How it works: \(\text{SNR} = 10 \log_{10} \left( \frac{P_{\text{signal}}}{P_{\text{noise}}} \right)\)
Limitations: Does not correlate well with perceptual quality.
Libraries:
- Python:
scipy.signal,numpy - MATLAB: Built-in
snr()function
References:
Perceptual Evaluation of Audio Quality (PEAQ)
Description: ITU standard for objective audio quality measurement, designed for codec evaluation.

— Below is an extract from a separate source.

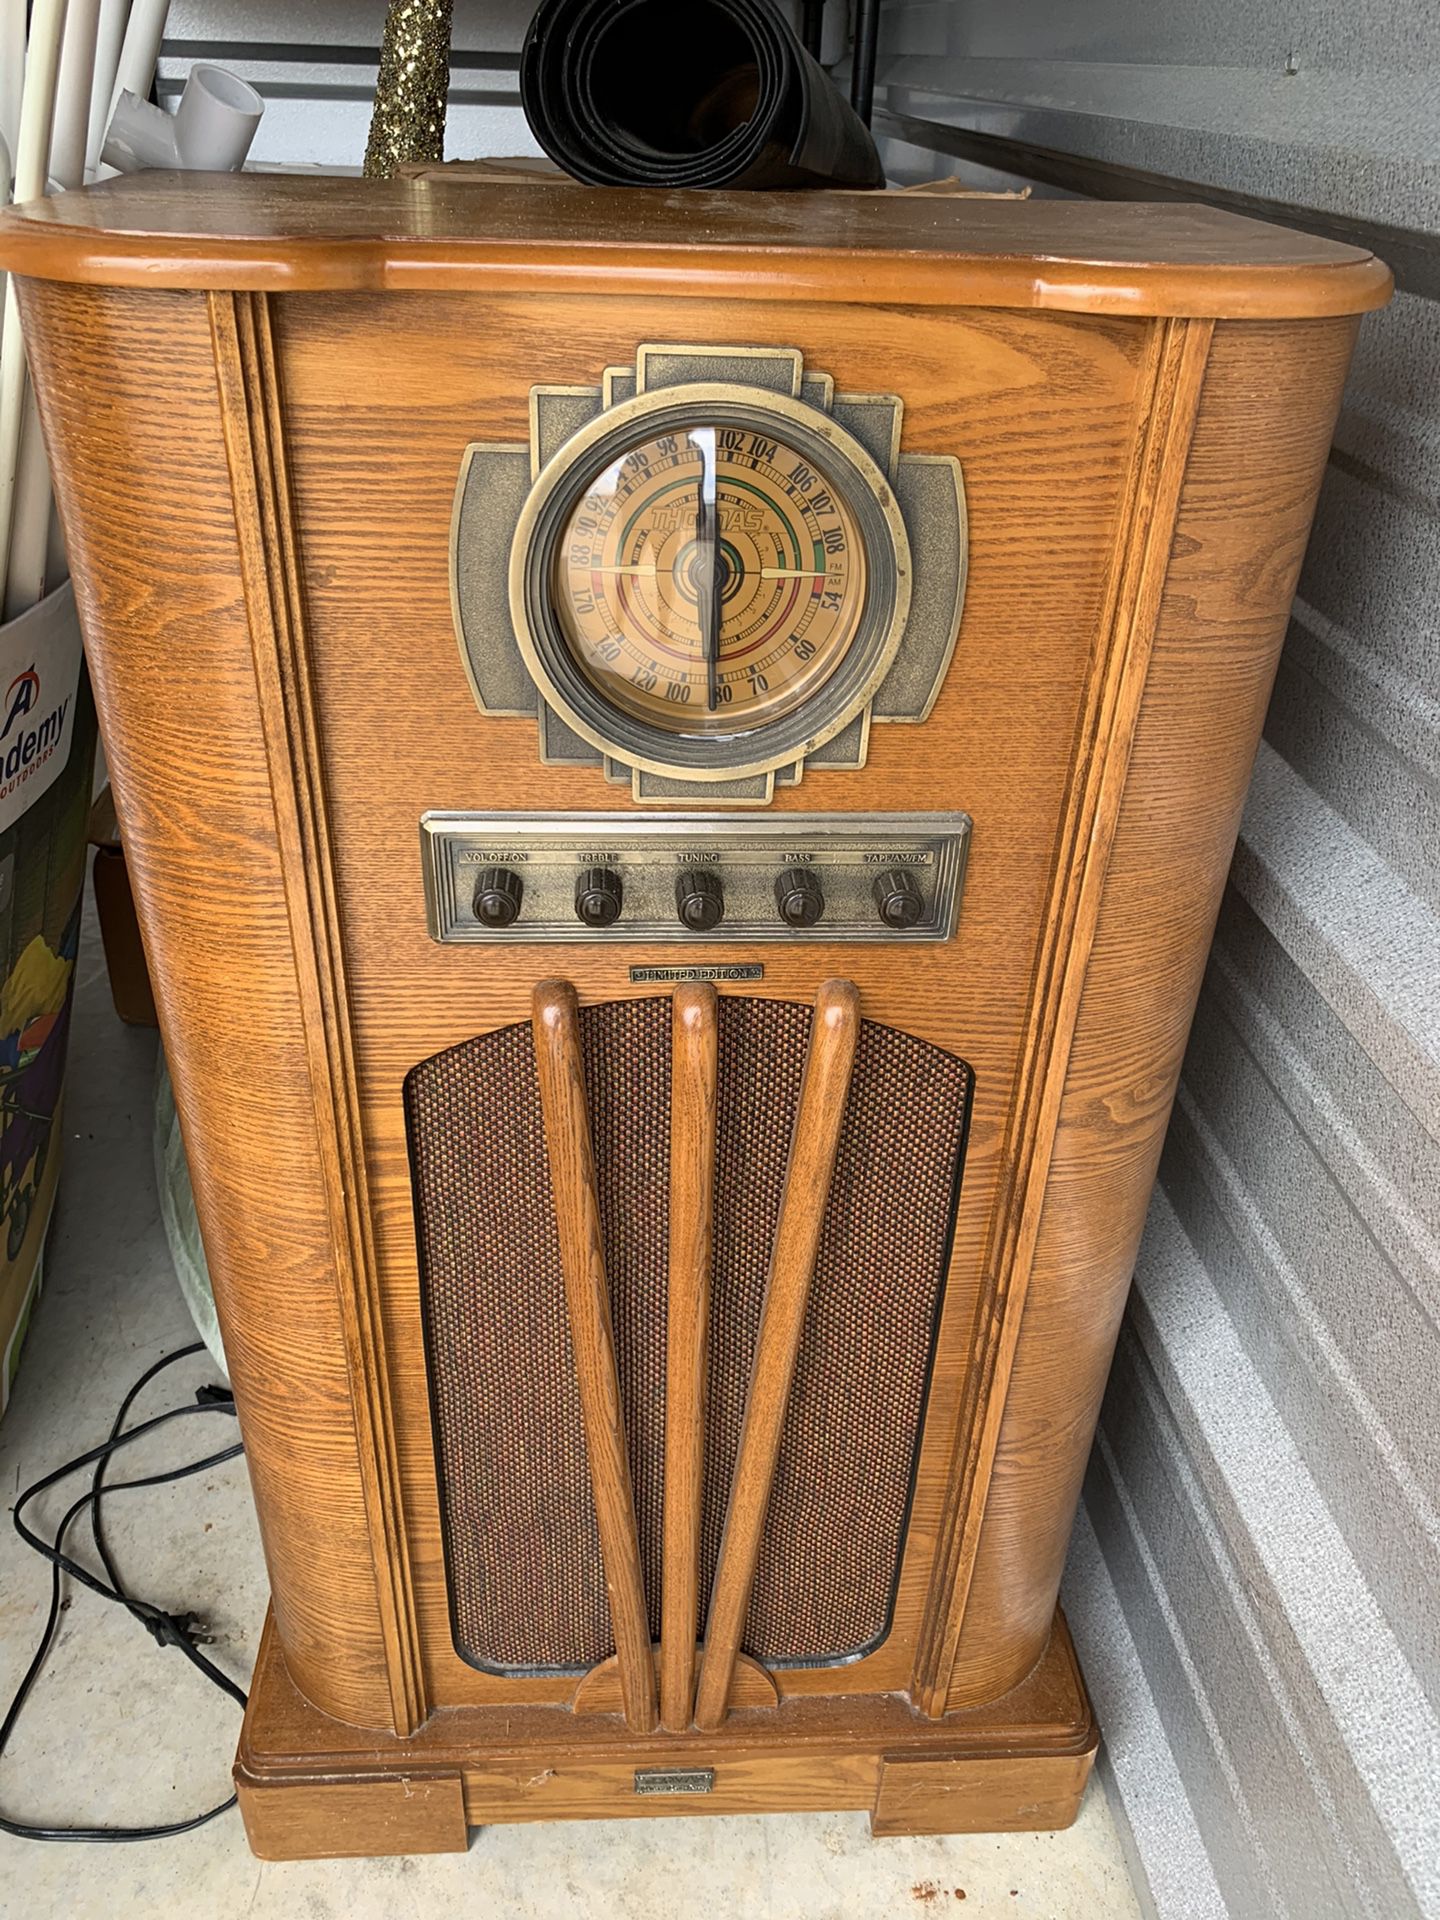 Old style radio works and has a cassette player

How it works: Psychoacoustic model comparing reference and degraded signals across frequency bands.
Libraries:
- C: GstPEAQ (GStreamer plugin)
- MATLAB: Third-party implementations available
Datasets:
References:
Speech Quality
Metrics specifically for telephony and VoIP.
Perceptual Evaluation of Speech Quality (PESQ)

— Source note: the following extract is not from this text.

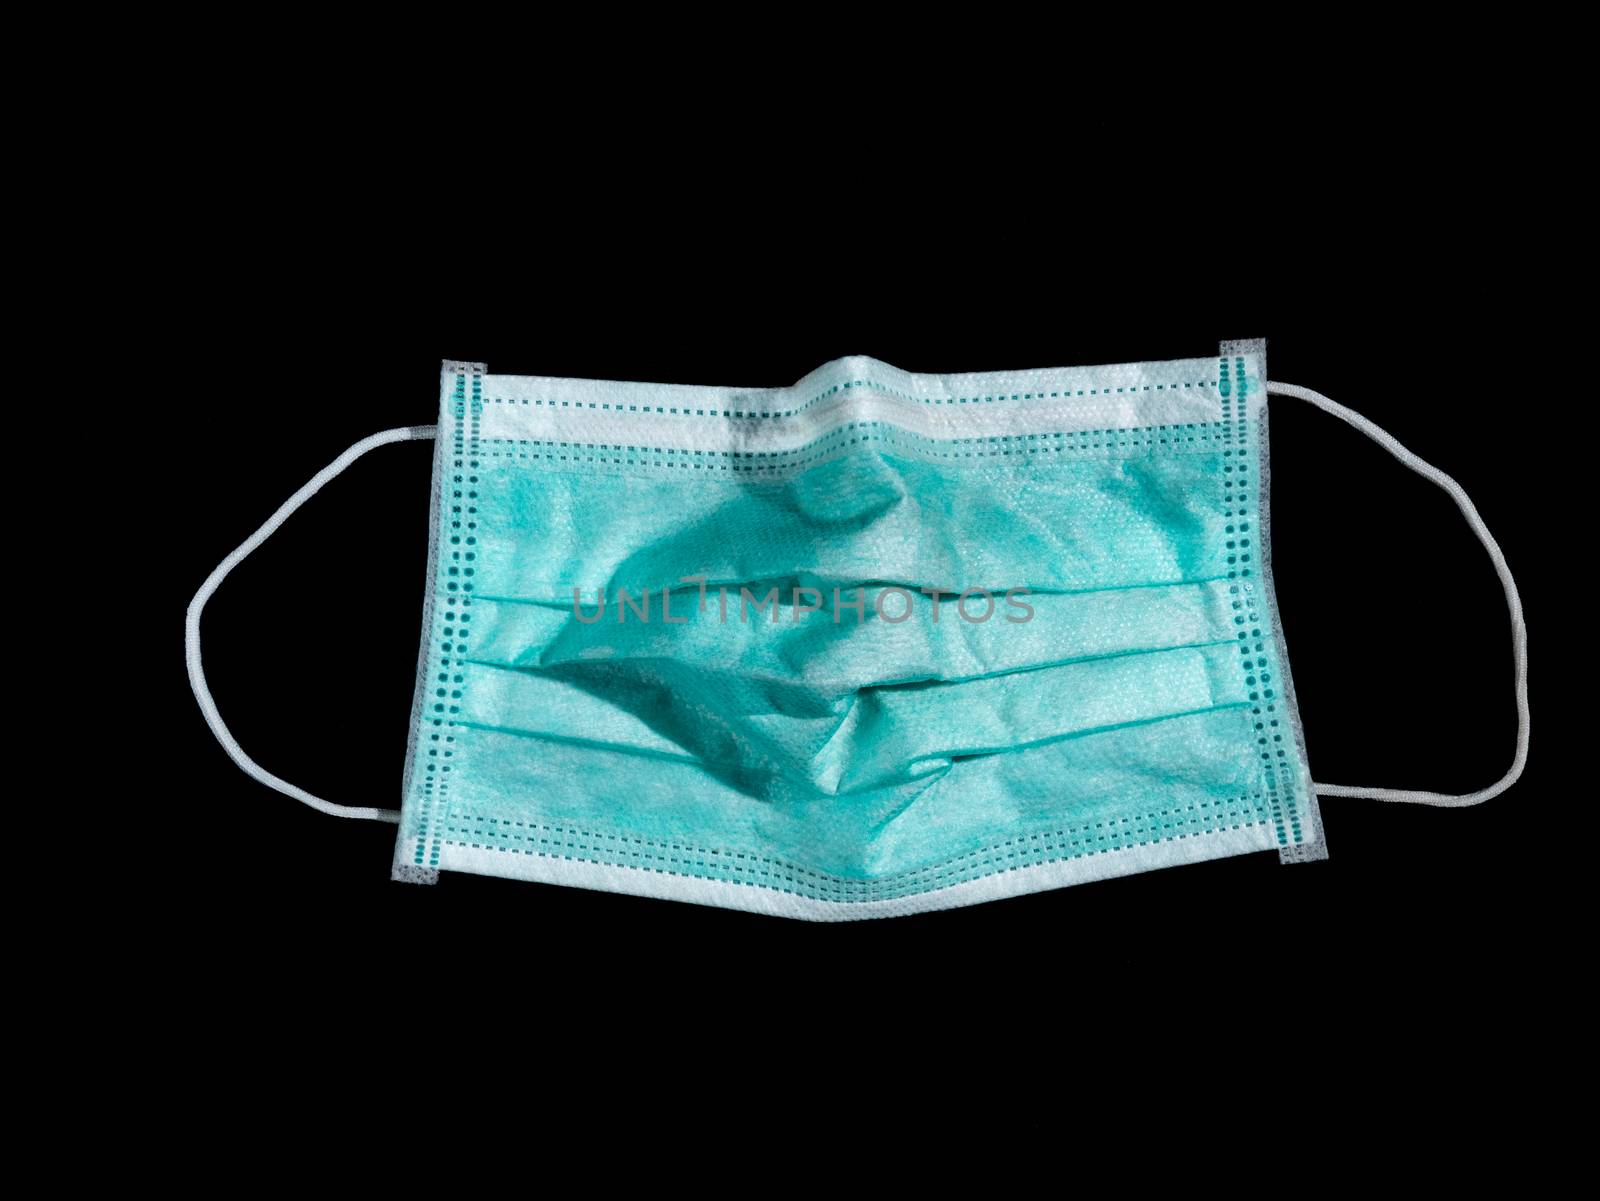 Used surgical mask place on black background, discarded mask concept. Dark tone.

Description: ITU standard for predicting speech quality in telecom networks.
How it works: Time-aligned comparison of reference and degraded signals through perceptual model. Output: MOS-LQO (0.5 to 4.5 scale).
Libraries:
- Python:
pesq(via pip) - C: Official ITU implementation
Datasets:
References:
- ITU-T P.862: Perceptual evaluation of speech quality (PESQ)
- Rix, A.W., et al. (2001). “Perceptual evaluation of speech quality (PESQ) – a new method for speech quality assessment of telephone networks and codecs”
Perceptual Objective Listening Quality Assessment (POLQA)
Description: Successor to PESQ, supporting wideband and super-wideband speech.
How it works: Advanced perceptual model with improved handling of time warping and codec artifacts.
Libraries:
- Commercial: POLQA by OPTICOM
- Python: Limited open-source implementations
References:
Speech Enhancement
Metrics for evaluating noise suppression and enhancement algorithms.
Short-Time Objective Intelligibility (STOI)
Description: Predicts speech intelligibility in noisy conditions.
How it works: Correlates time-frequency representations of clean and processed speech.
Libraries:
- Python:
pystoi - MATLAB: STOI Toolbox
Datasets:
References:
- Taal, C.H., et al. (2011). “An Algorithm for Intelligibility Prediction of Time–Frequency Weighted Noisy Speech”
Perceptual Contrast Using Spectrograms (PCSS)
Description: Measures perceptual contrast enhancement in processed speech spectrograms.
How it works: Computes contrast ratio in time-frequency domain weighted by auditory masking.
Libraries:
- Custom implementations (research-specific)
References:
- Healy, E.W., et al. (2013). “An algorithm to increase speech intelligibility for hearing-impaired listeners”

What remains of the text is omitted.